This project will investigate boninite series and basalt to rhyolite glasses recording the formation of island arc crust over a 50 Ma period in the Izu-Bonin-Marianas (IBM) arc. IBM arc glasses inform our knowledge of island arc crust geochemical evolution and crustal growth rates. Importantly, the volatile elements in glasses provide a window into volcanic processes (effusive vs. explosive; subaerial vs. submarine events) and alteration processes that influence our models for subduction zone volatile cycling, rates for continental crust formation, and the geodynamic properties of subduction zones.
Past researchers assumed that the glass fragments lost (degassed) most of their volatile species to the atmosphere and were then transported from subaerial volcanoes to form tephra deposits and by water to form volcaniclastic turbidite deposits (Fig.). Indeed, volatiles are low in modern glass rims on dredged submarine lavas and in glass inclusions in the IBM arc. However, glass volatile contents may be higher than assumed because: 1) modern, volatile-rich submarine volcanoes are observed in the IBM arc; and 2) glasses from tephras in the IBM forearc have 91-~100% electron probe totals suggesting volatile contents of up to 9 wt. %.
The student will test if glasses in forearc tephras erupted from submarine volcanoes, where they retained their original volatile contents as the melt quenched to glass under seawater pressure.
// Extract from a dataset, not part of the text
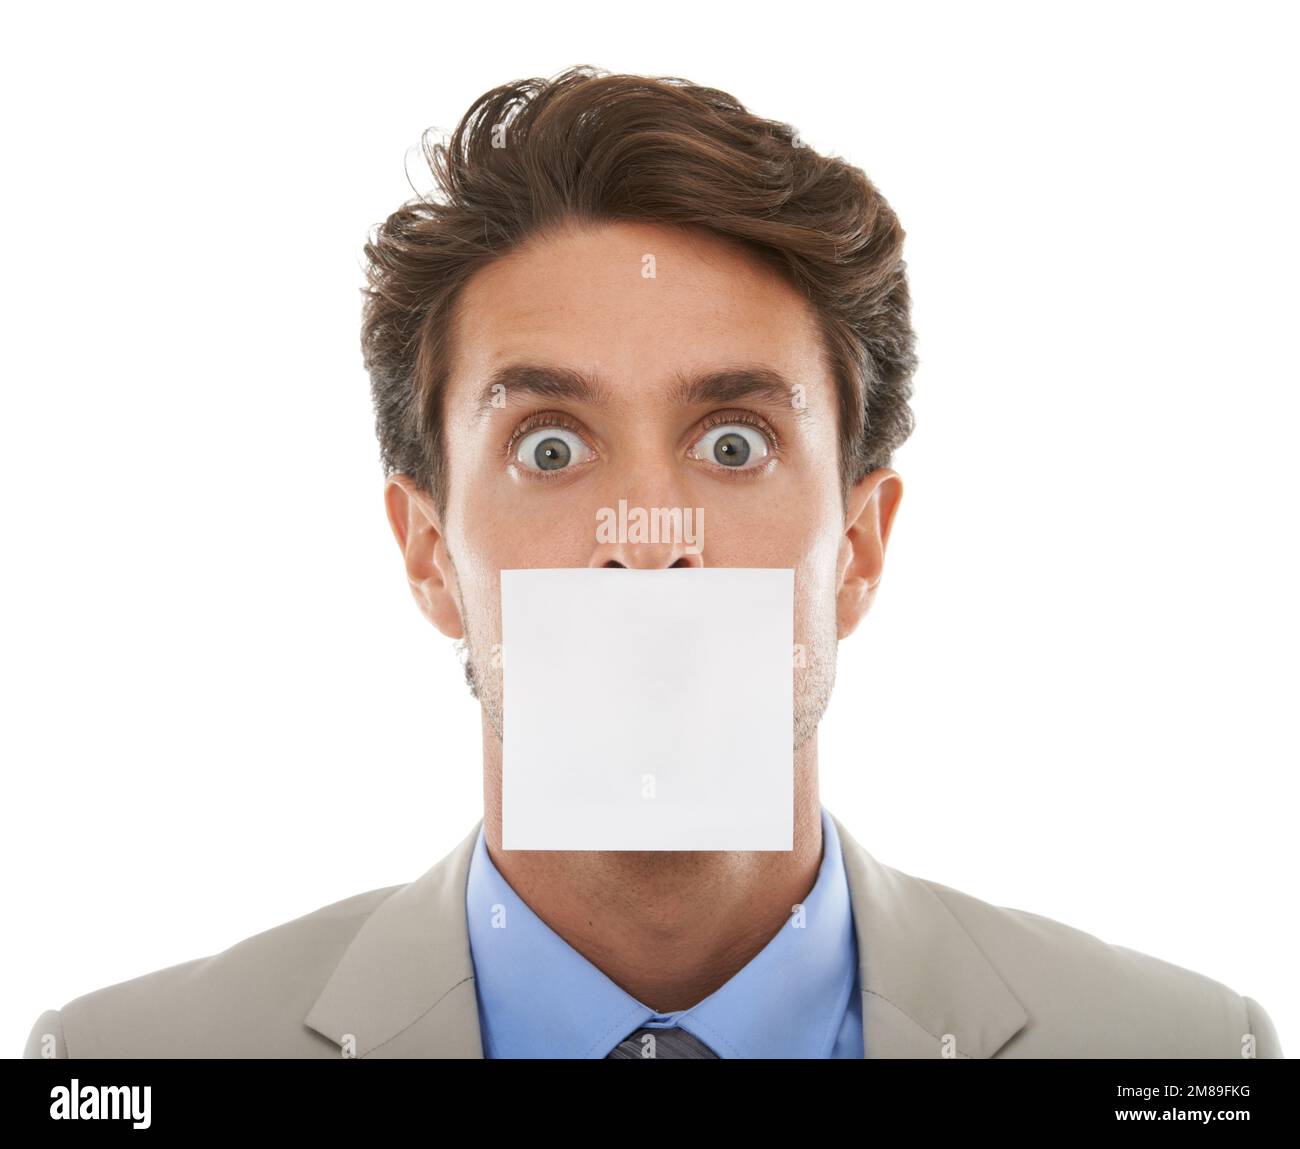 Gagging aziendale. Concept studio ritratto di un giovane uomo d'affari con una nota appiccicosa sopra la bocca isolato su bianco. Foto Stock

The student will quantify and map H2O, CO2, SO2 and Cl in select glasses and compare the values with open and closed system degassing models and melt inclusion data (accounting for volatile solubility as a function of composition, temperature and pressure). These data will be used to further constrain arc volatile budgets and inform tephrostratigraphy and provenance studies that can then be used to understand crust formation and geochemical evolution.